> _Dataset excerpt_:

+--

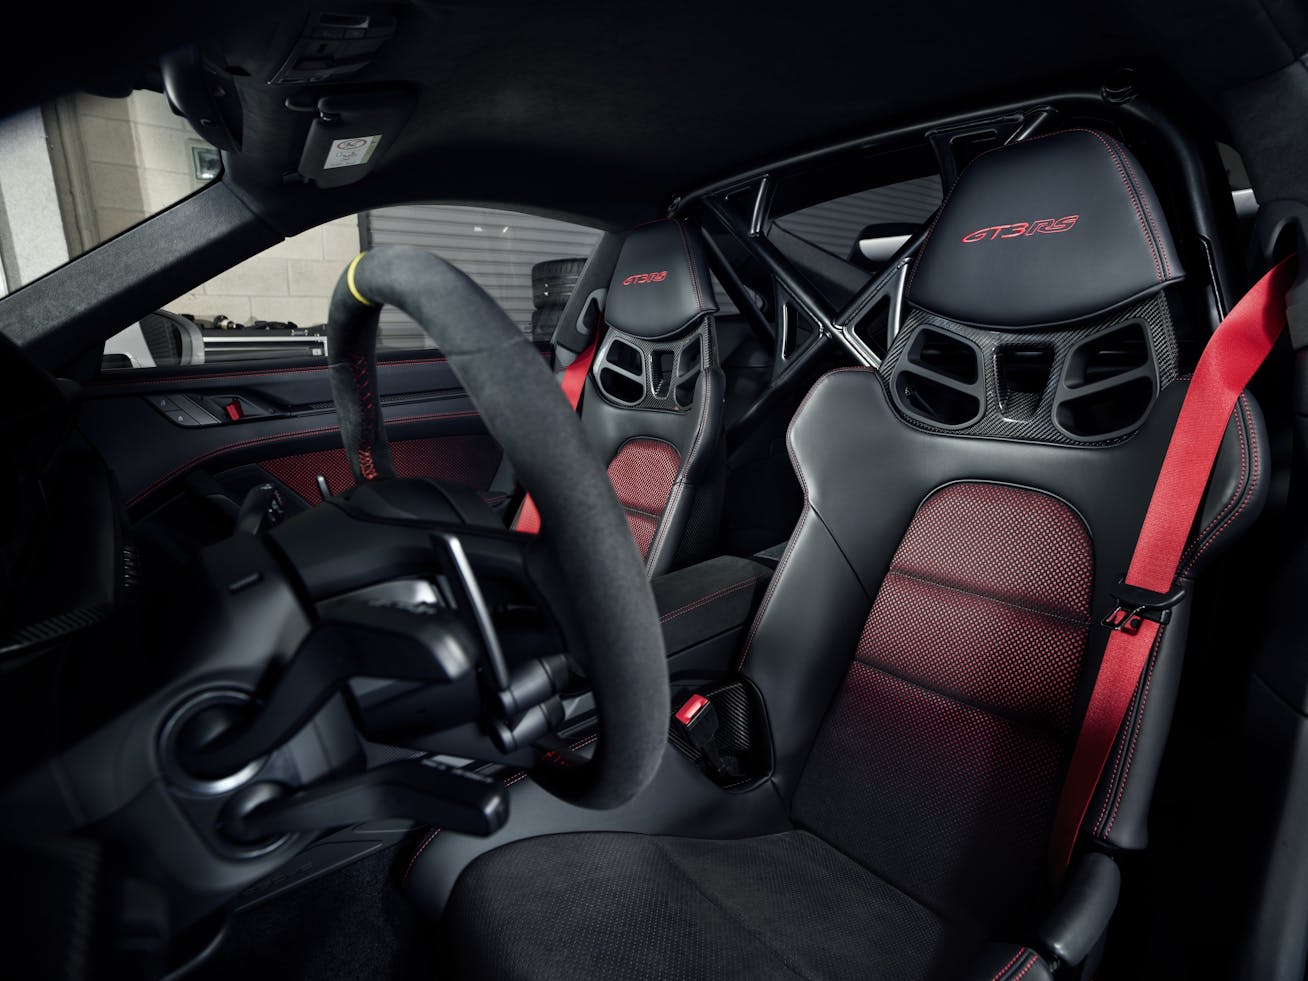 911 GT3 RS cockpit in black and red materials
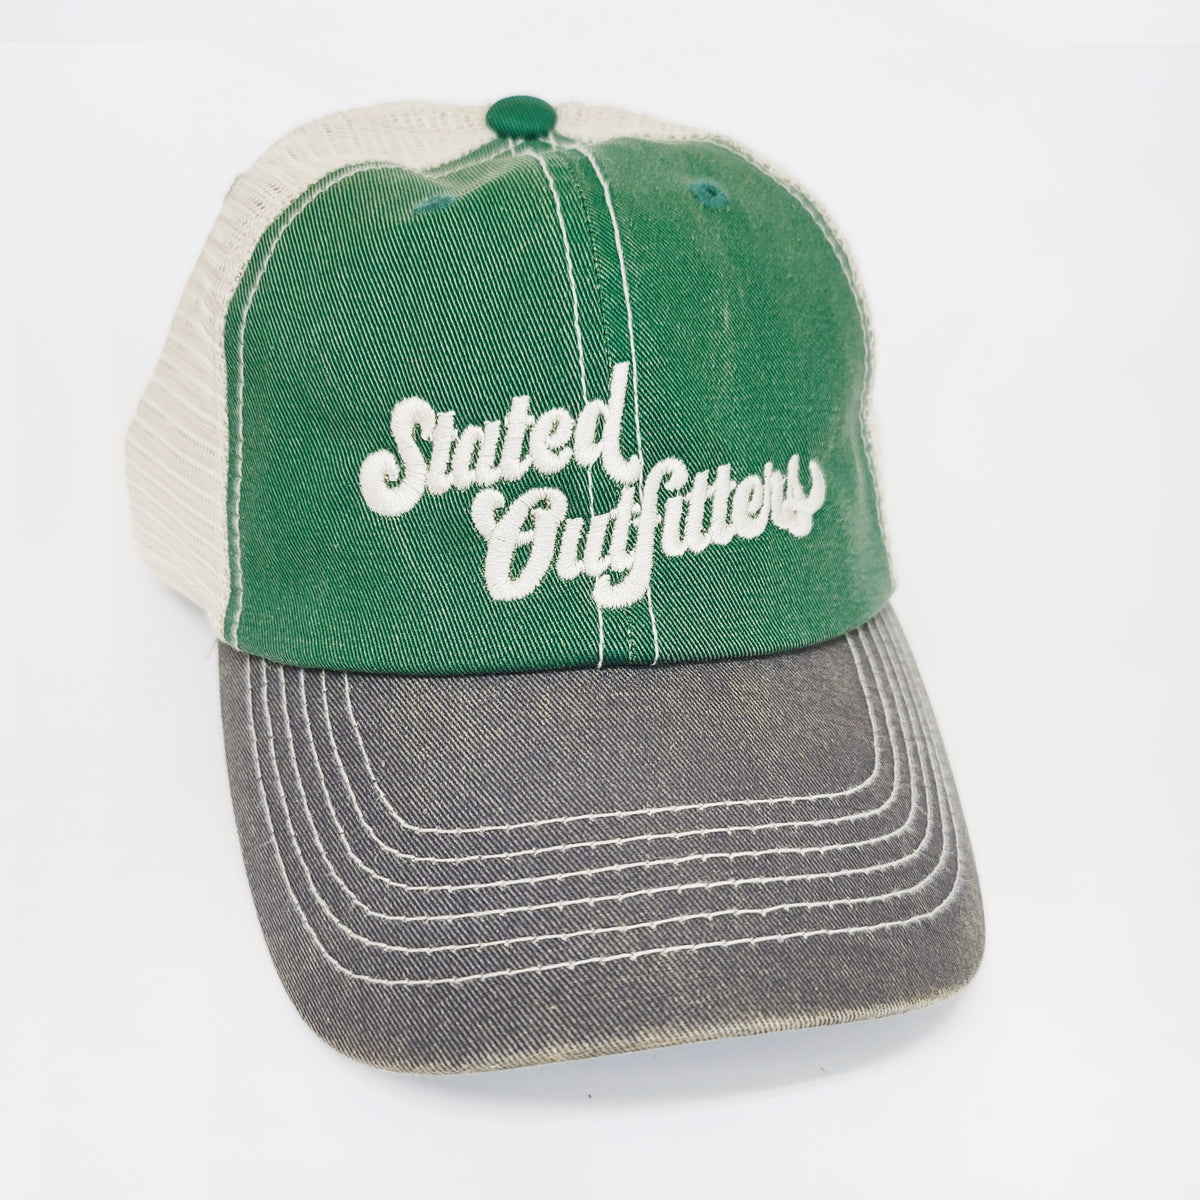 Stated Outfitters Embroidered Green Hat
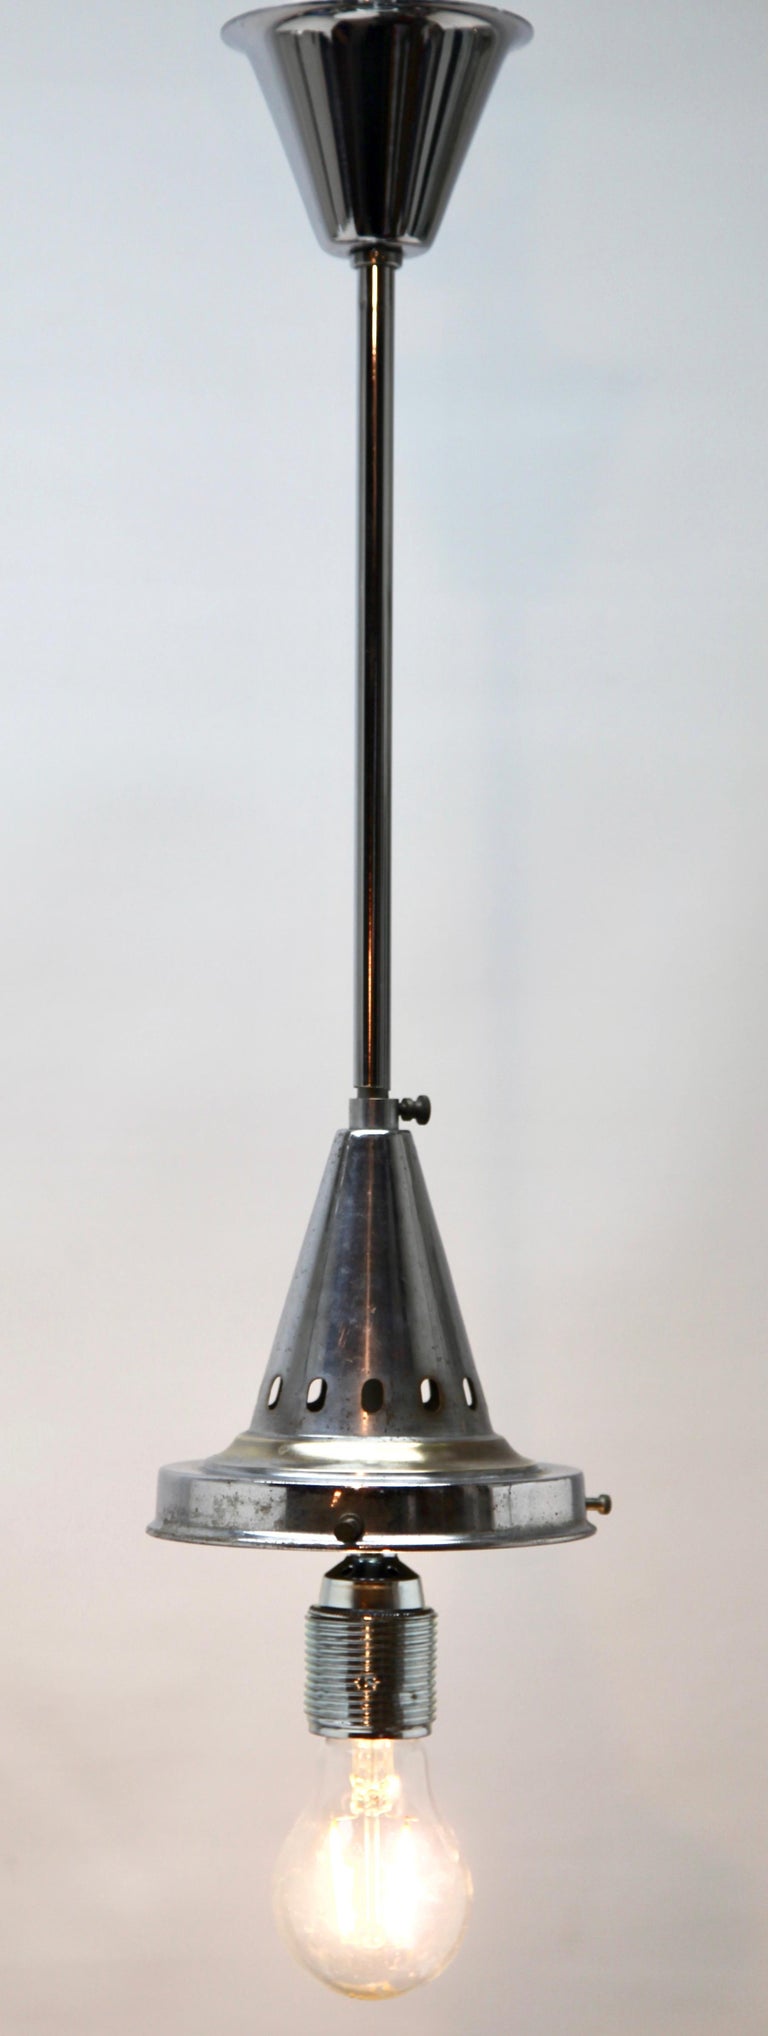 Phillips Pendant Stem Lamp with Large Stepped Opaline Shade, 1930s, Belgium For Sale 3
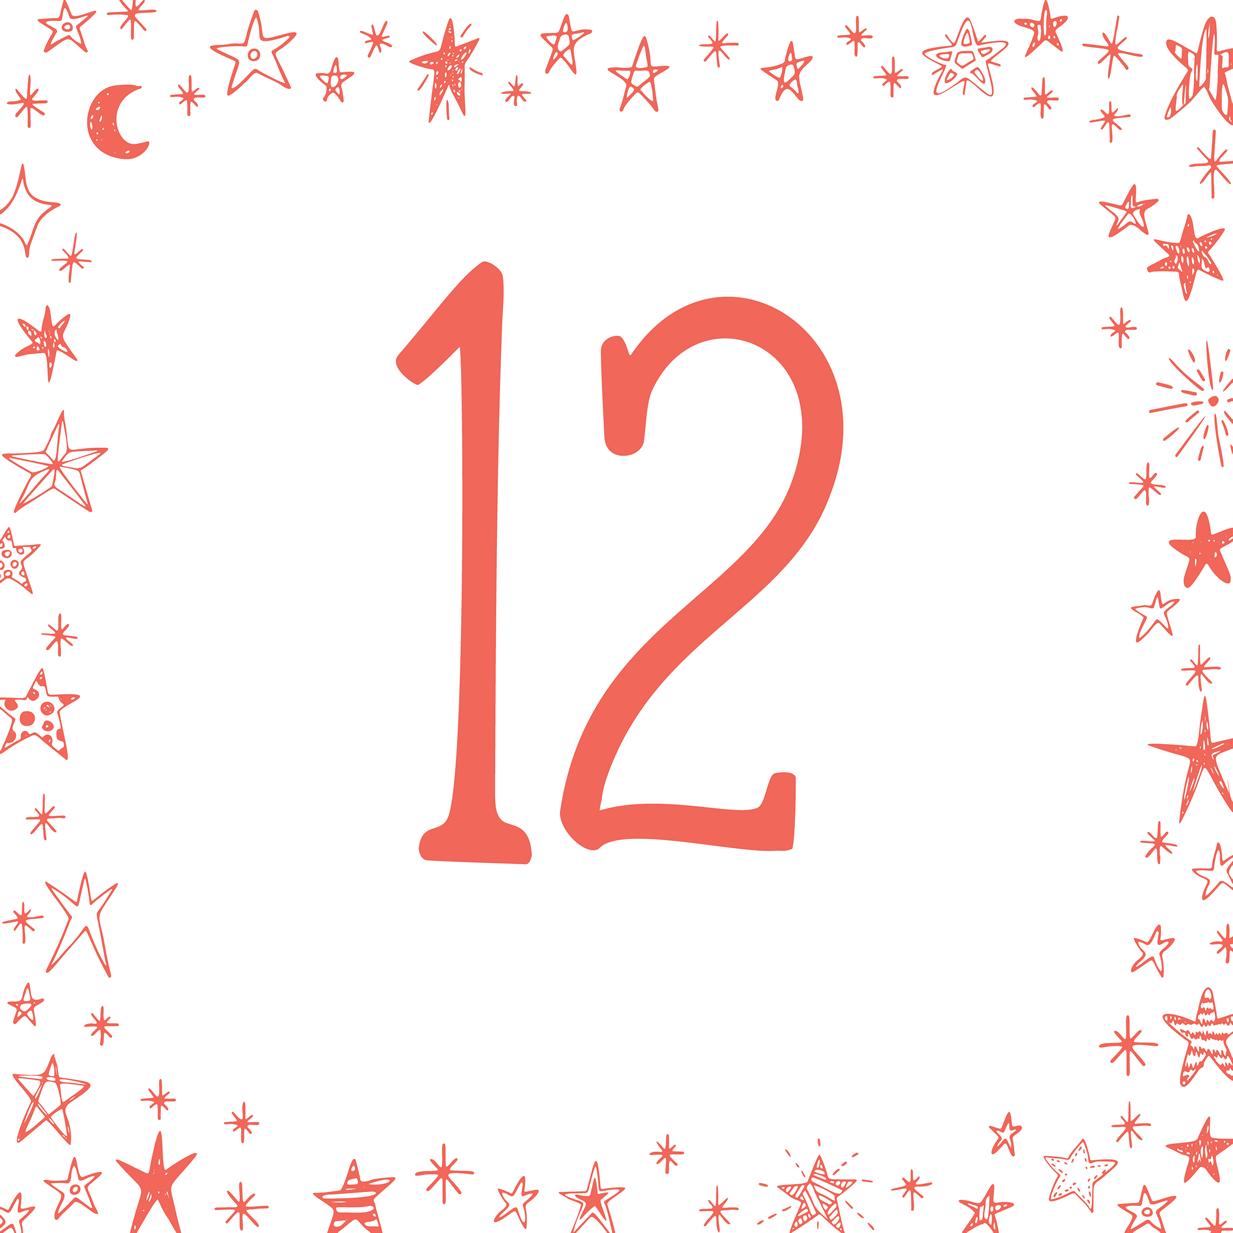 Image name yorkshire advent calendar 2022 day 12 the 11 image from the post Day 12 - Christmas 2022 in Yorkshire.com.

+--

When you write out the material, reproduce each line exactly and omit any picture it holds.

> _Written answer_:
 911 GT3 RS cockpit in black and red materials
 Stated Outfitters Embroidered Green Hat
 Phillips Pendant Stem Lamp with Large Stepped Opaline Shade, 1930s, Belgium For Sale 3
 Image name yorkshire advent calendar 2022 day 12 the 11 image from the post Day 12 - Christmas 2022 in Yorkshire.com.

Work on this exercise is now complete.